Later Jimmy told me I'd said something at dinner that night, which reminded him of terrors from his childhood.  Neither of us could remember what.  He'd gone outside to pray; he'd fallen asleep; that's how we'd found him.

So it was me, perhaps, that first sent him out to that concrete fetal nap.  Well, I meant no harm, useless as that is.  Two days later we spent the day on the beach and he sat behind us the entire day well into his cups.  We picked everything up in the afternoon to take it back to the house, and afterward I went back for Jimmy.  He was still sitting there, in the same exact position he'd occupied the whole day that'd just slipped past, but in our absence he was sobbing behind his dark sunglasses, his back heaving.

There weren't words to say and I didn't touch him or announce myself.  I fed a cheese curl to a seagull and built a tiny wall of reeds plugged into the sand.  I stared out at the ocean and wondered if I could do anything at all to help; the sea taught me to wait.

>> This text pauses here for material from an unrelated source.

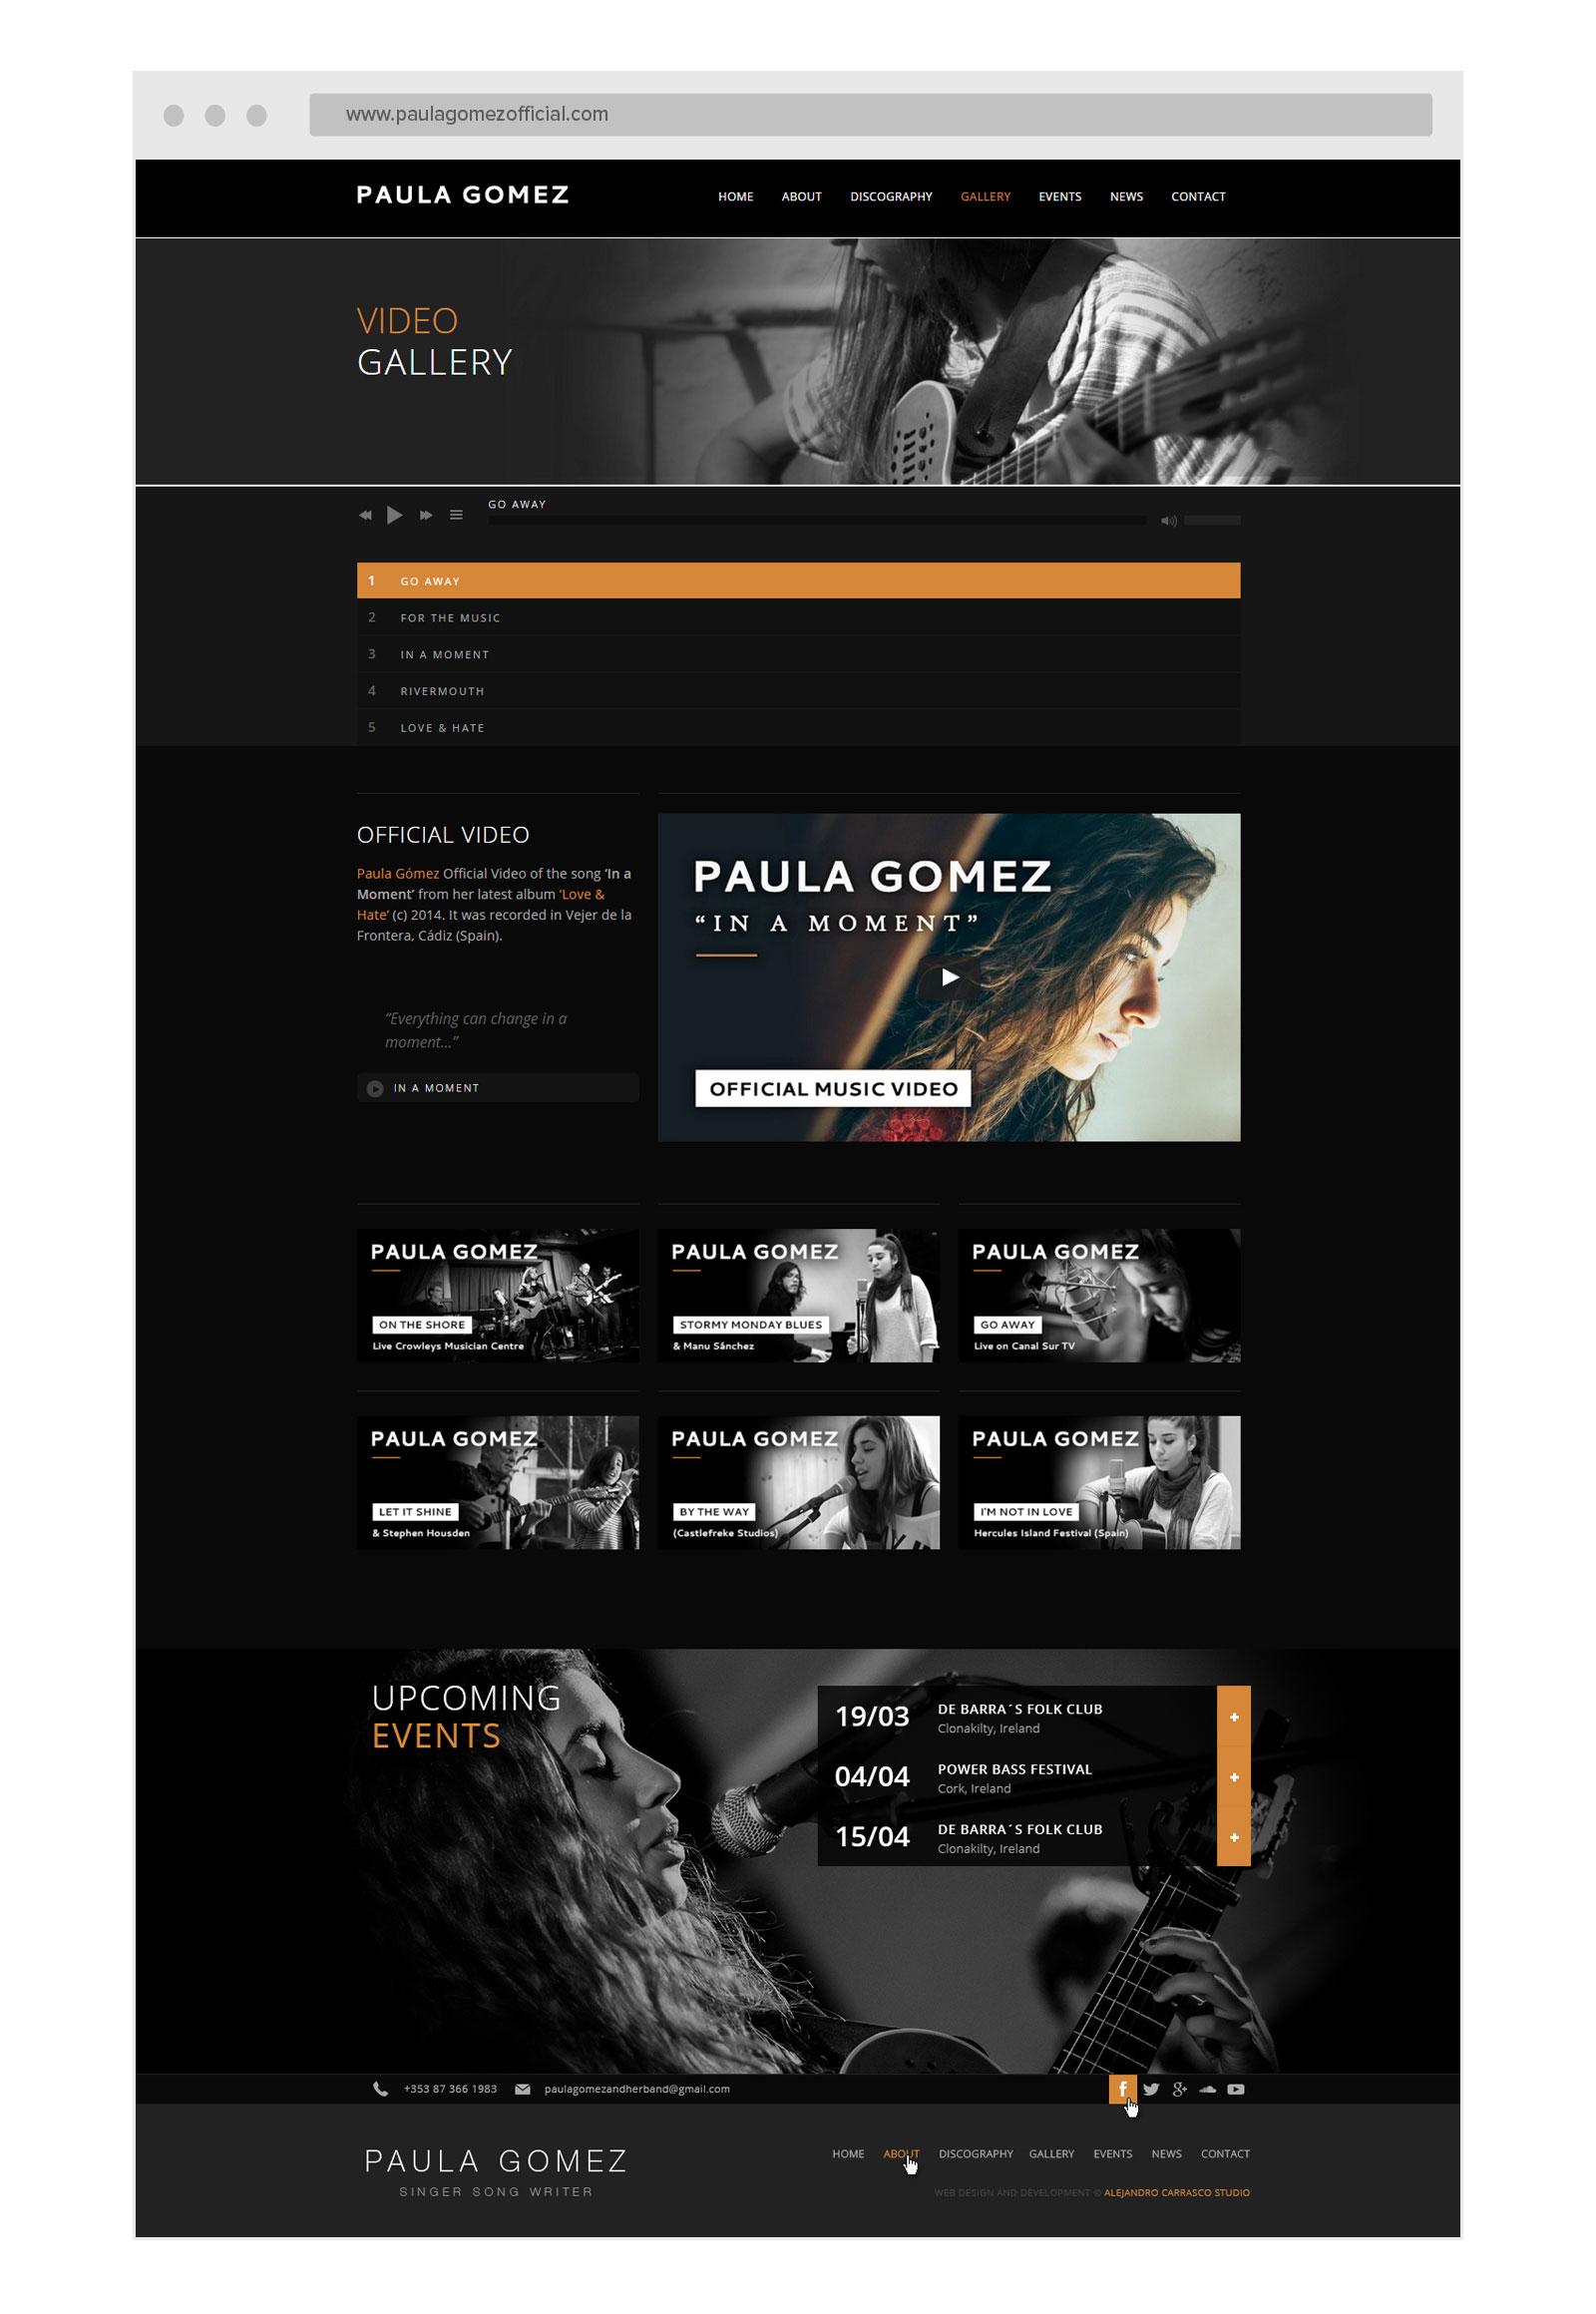 paula-gomez-website-04.jpg

In the end, walking slowly back to the house holding his folded chair, I told him I didn't have any words, I told him that kid had made his own mistake.  "But he was a good kid, Peter," Jimmy said.  "He was a good kid."  I said some other useless things, and I asked him to drink less tomorrow, which he did.  In the real end, I mean the really real one, I guess I know my moats won't matter.  For all I try, my efforts only seem to destroy here and there so much as they help here and there, like the Toddler and Jimmy's six-year-old.  It takes the calming of the tides to mend some wounds.

Still, it's what I have, and in my stupid way, it's what makes most sense to me.  Sometimes I think the only human things worth doing are the ones that wash away.